**Task objective**
From the line that contains "MISSMAO Women Super" down to the last line of the listing below, reproduce each line exactly but not the pictures.

**Data shown**
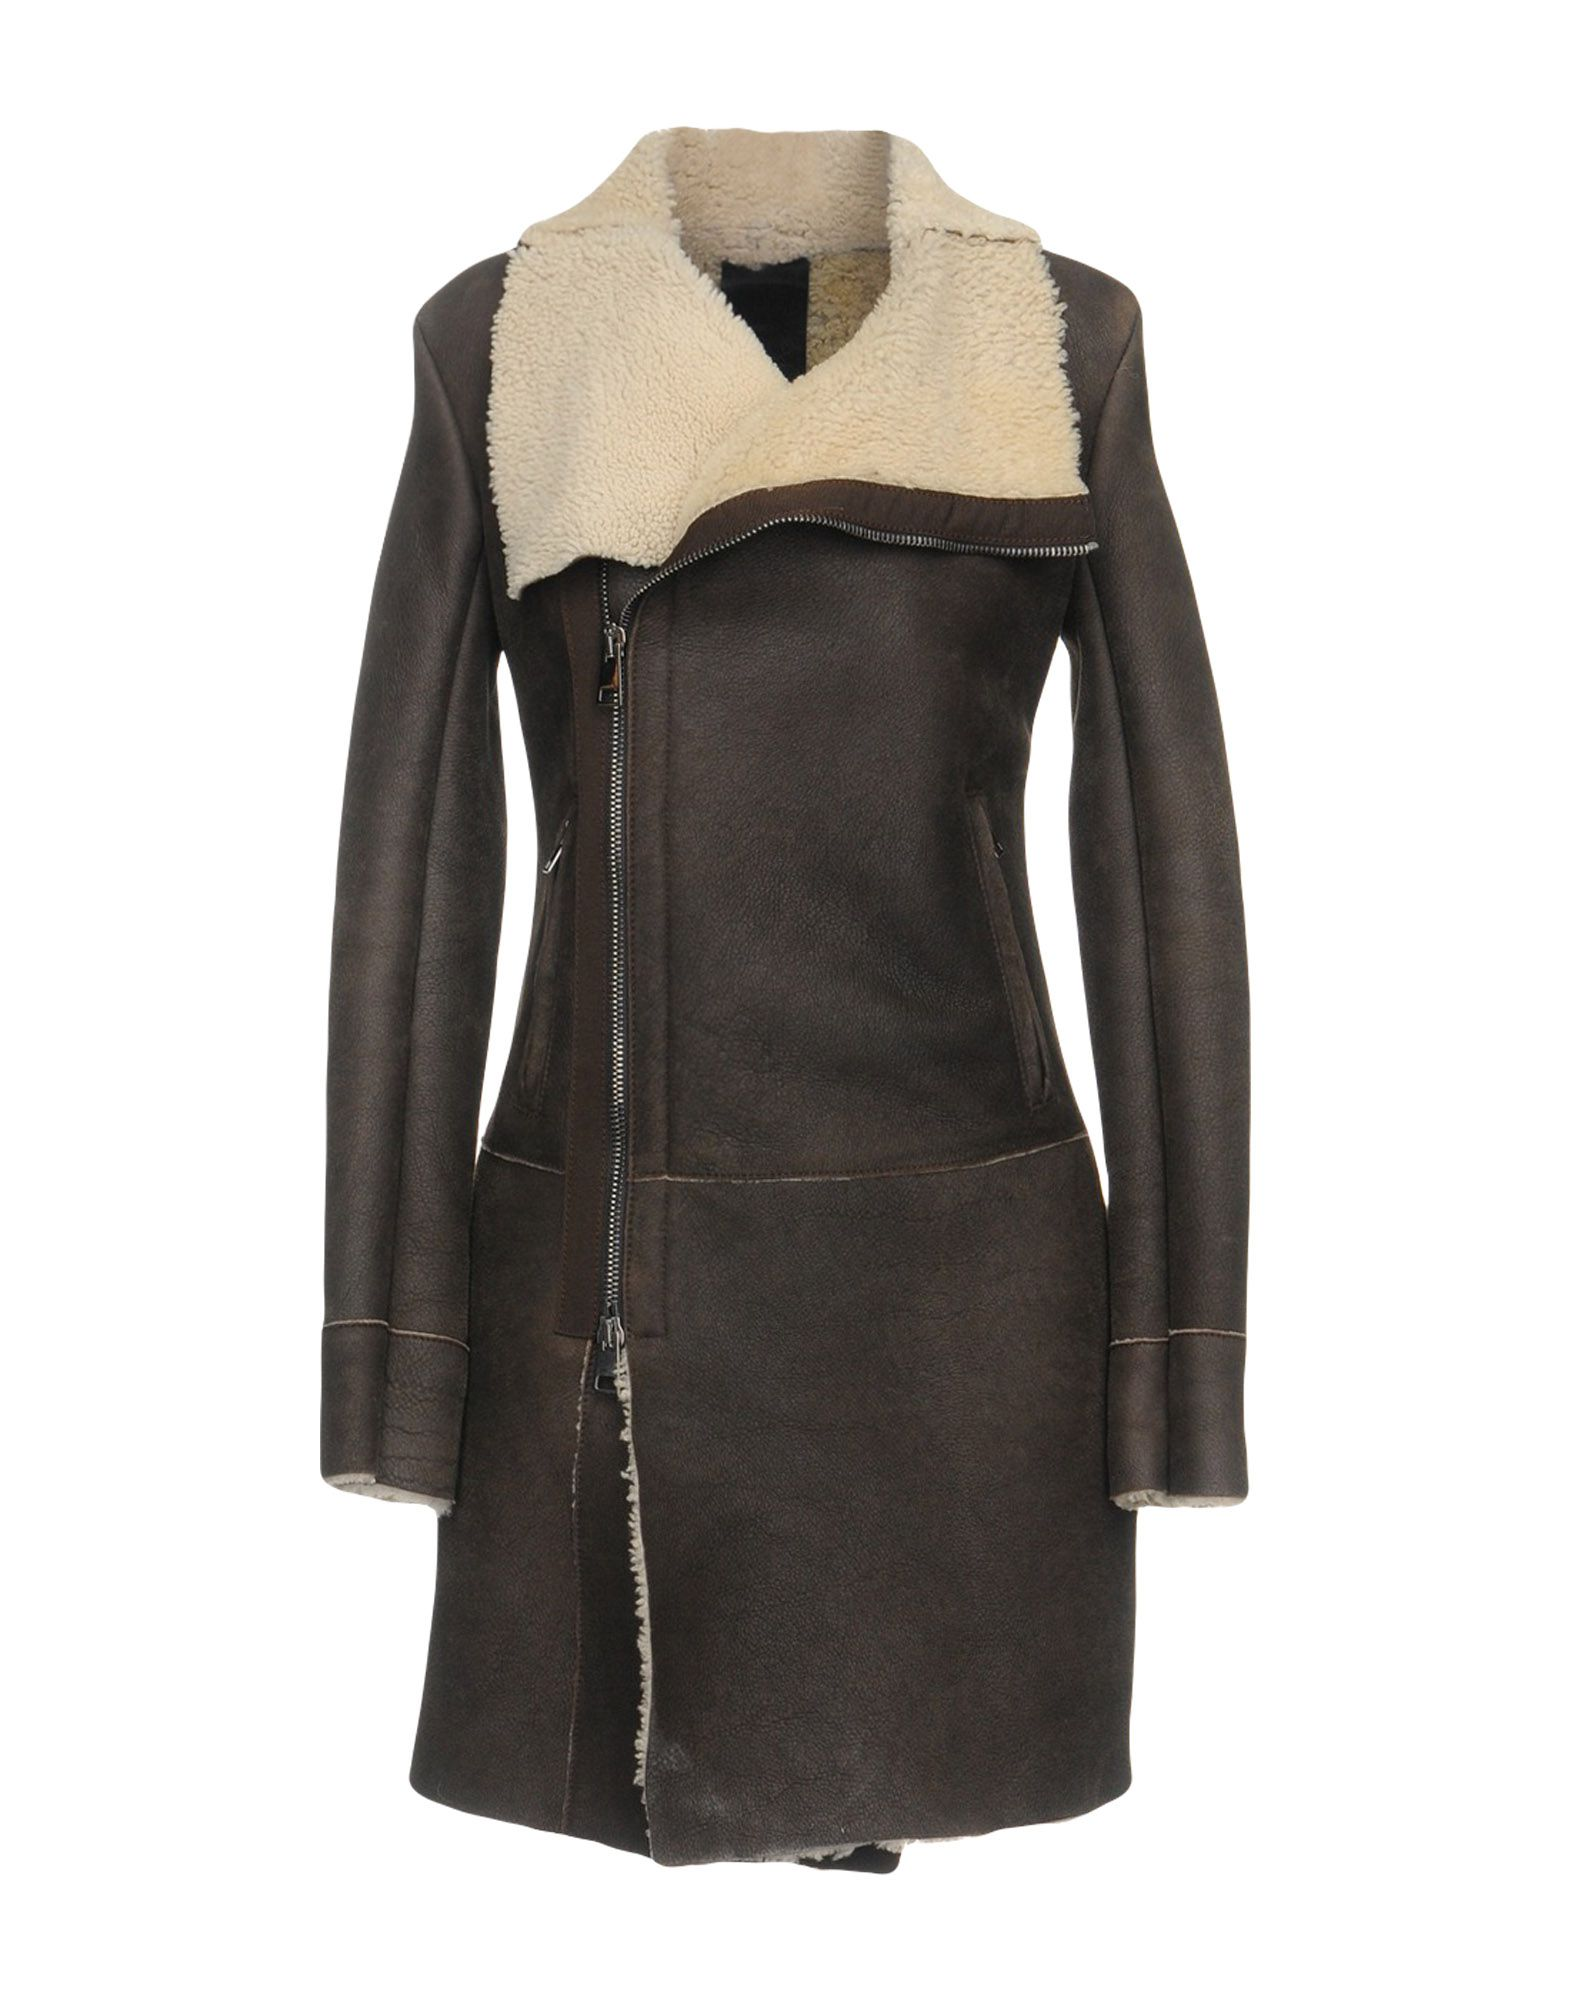 GIOCASTA Jackets in Dark Brown
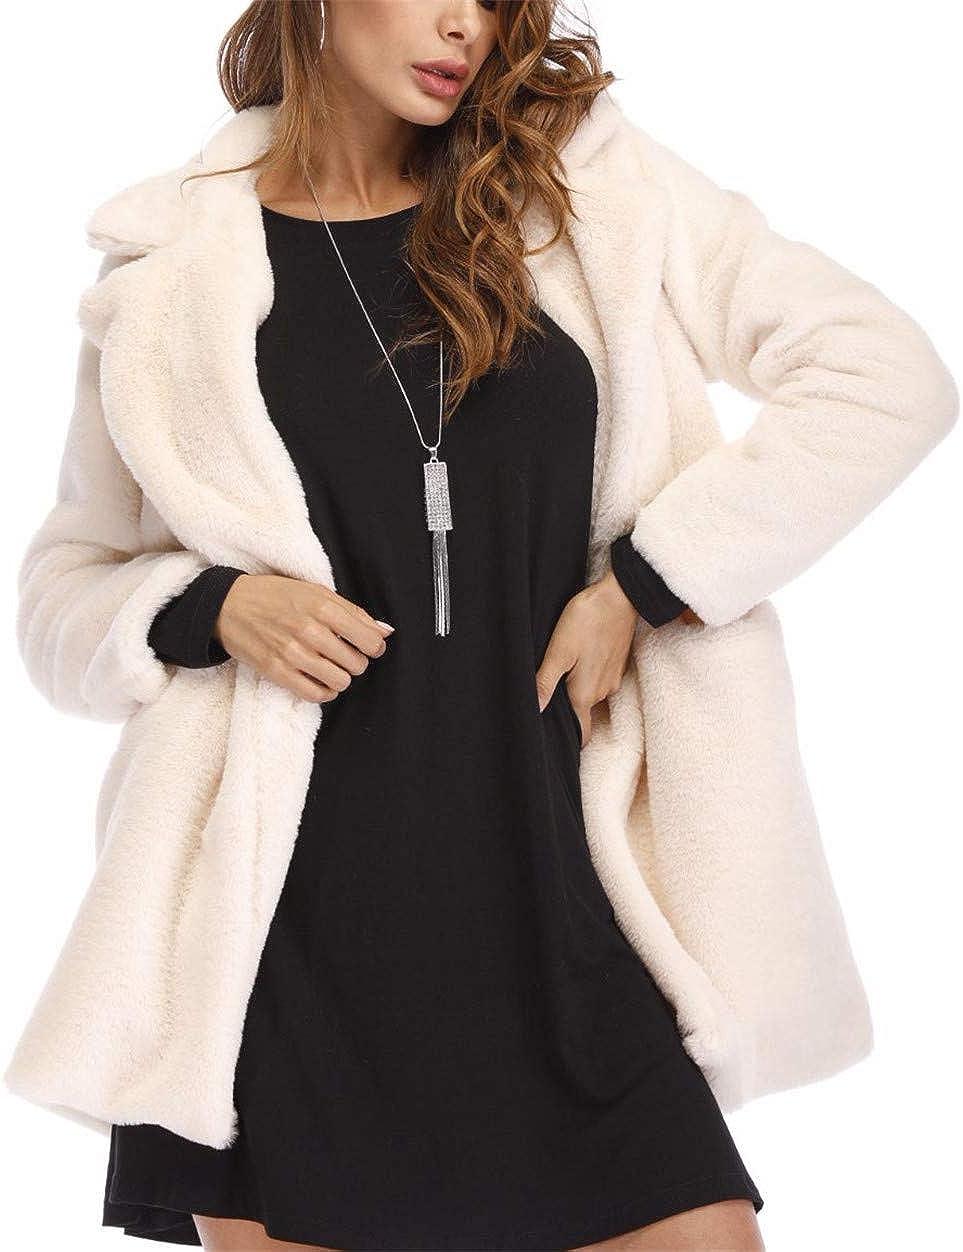 MISSMAO Women Super Warm Long Cardigan Coat Fluffy Faux Fur Winter Fleece Hooded Sherpa Jacket White
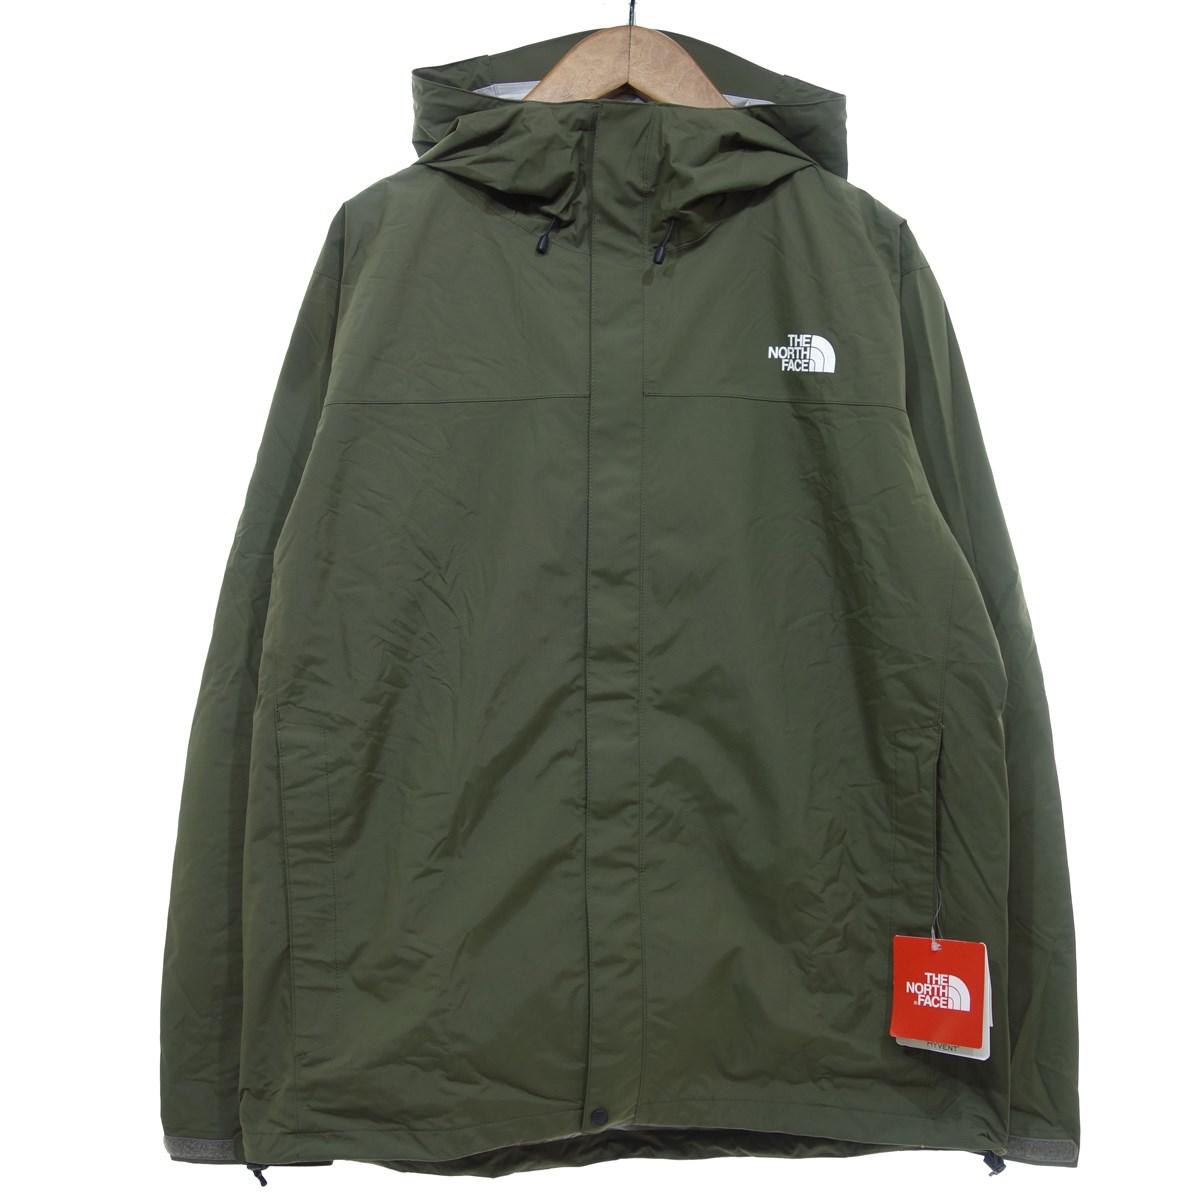 【中古】THE NORTH FACE HYVENT RAINTEX ジャケット カーキ×ブラック サイズ:XL 【250220】(ザノースフェイス)
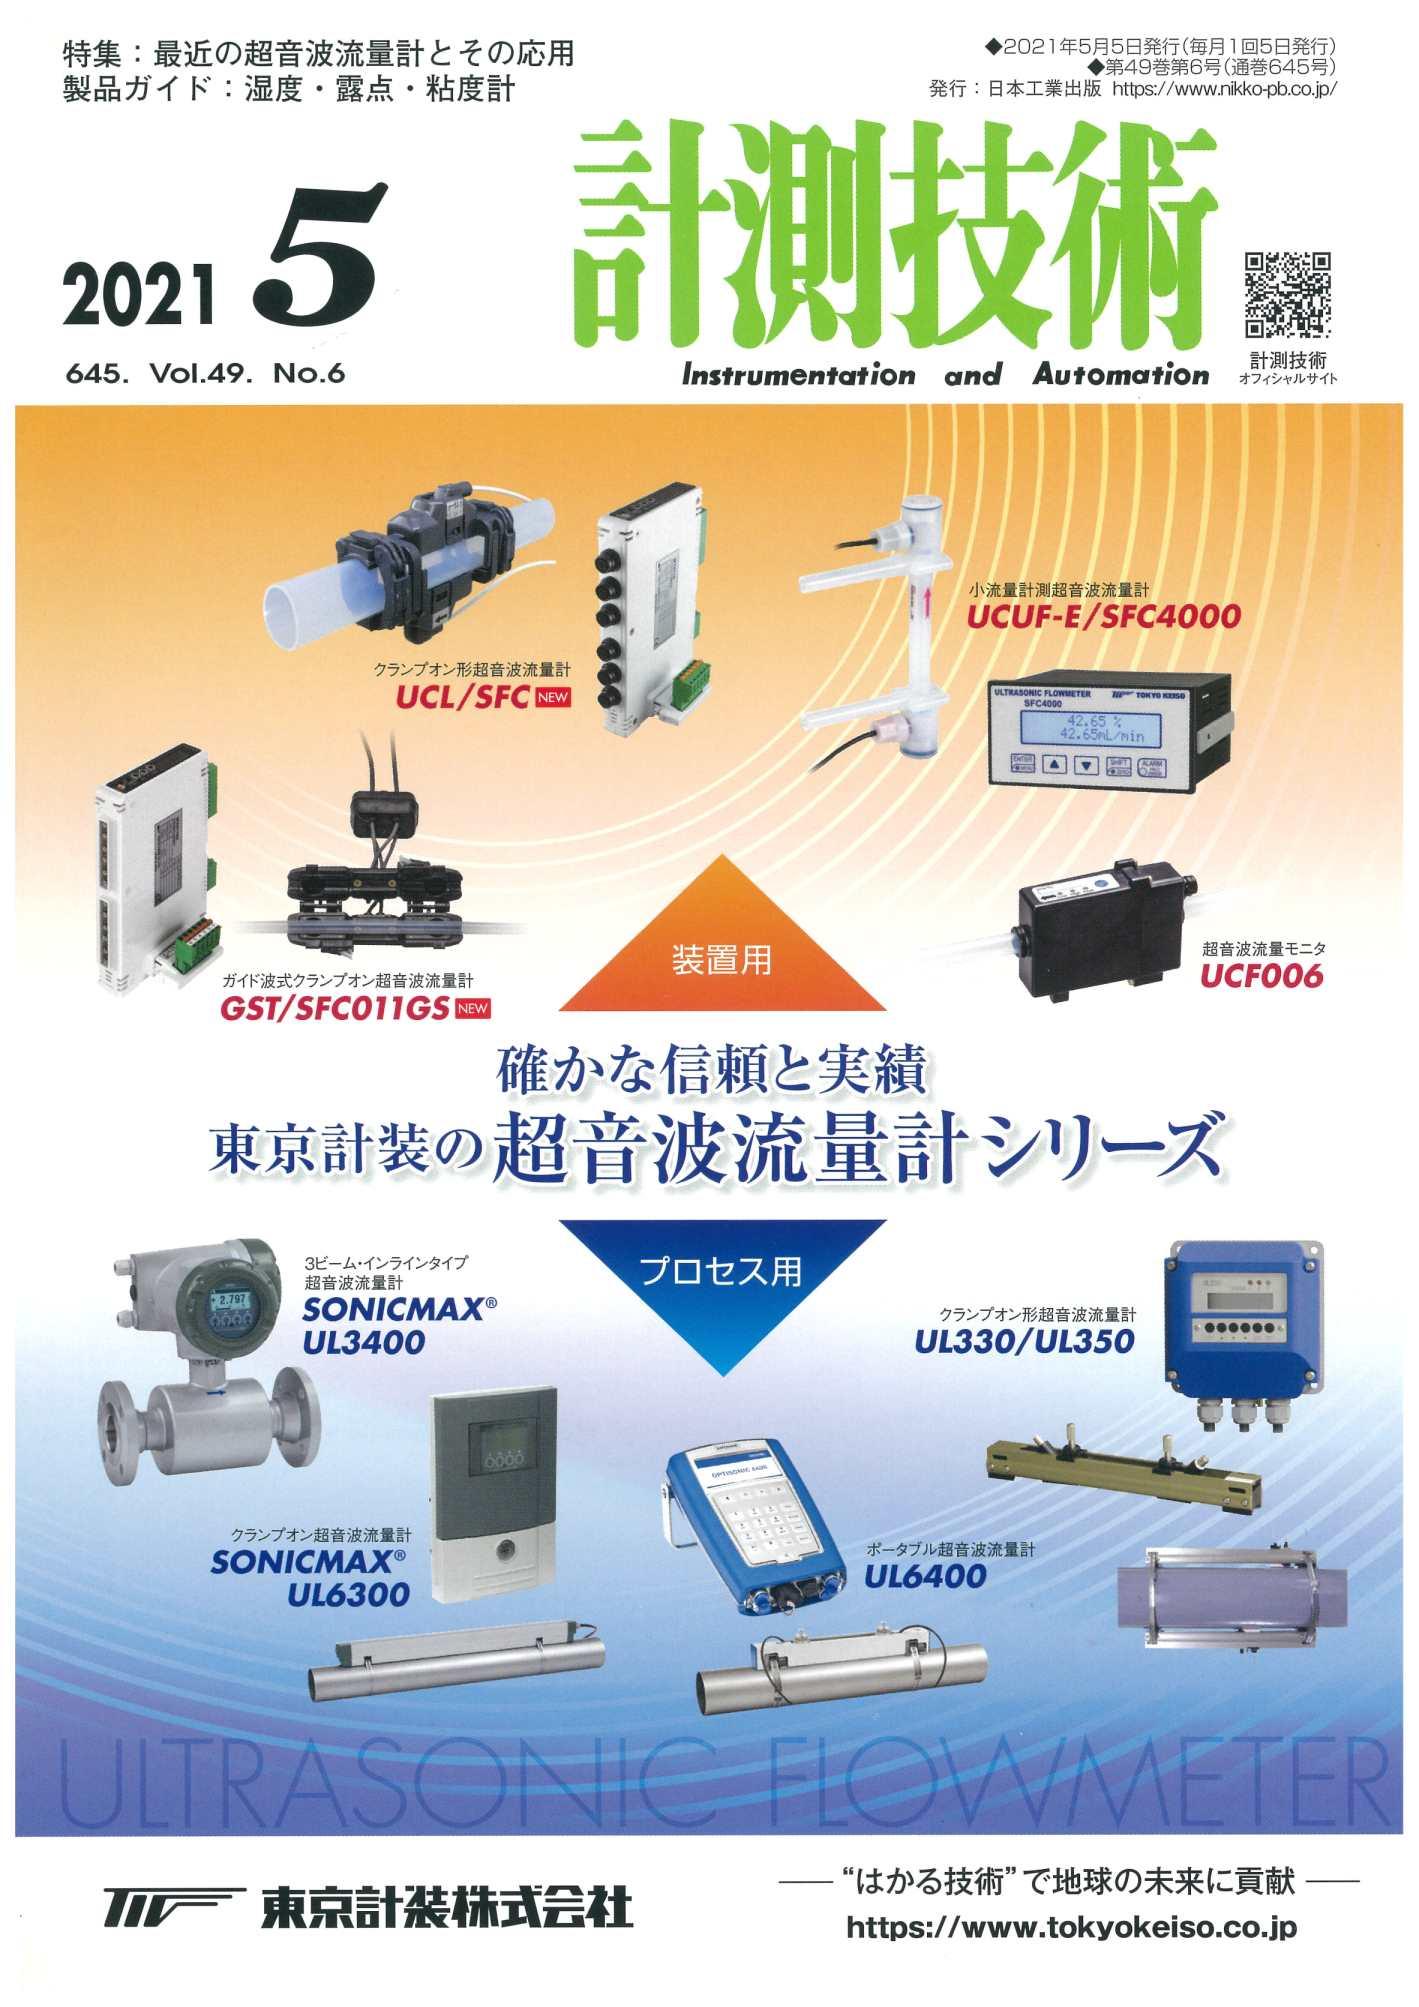 計測技術 2021年5月号に超音波せき式流量計(Model:ULM-501)の記事を寄稿しました。

**Solution for this problem**
 MISSMAO Women Super Warm Long Cardigan Coat Fluffy Faux Fur Winter Fleece Hooded Sherpa Jacket White
 【中古】THE NORTH FACE HYVENT RAINTEX ジャケット カーキ×ブラック サイズ:XL 【250220】(ザノースフェイス)
 計測技術 2021年5月号に超音波せき式流量計(Model:ULM-501)の記事を寄稿しました。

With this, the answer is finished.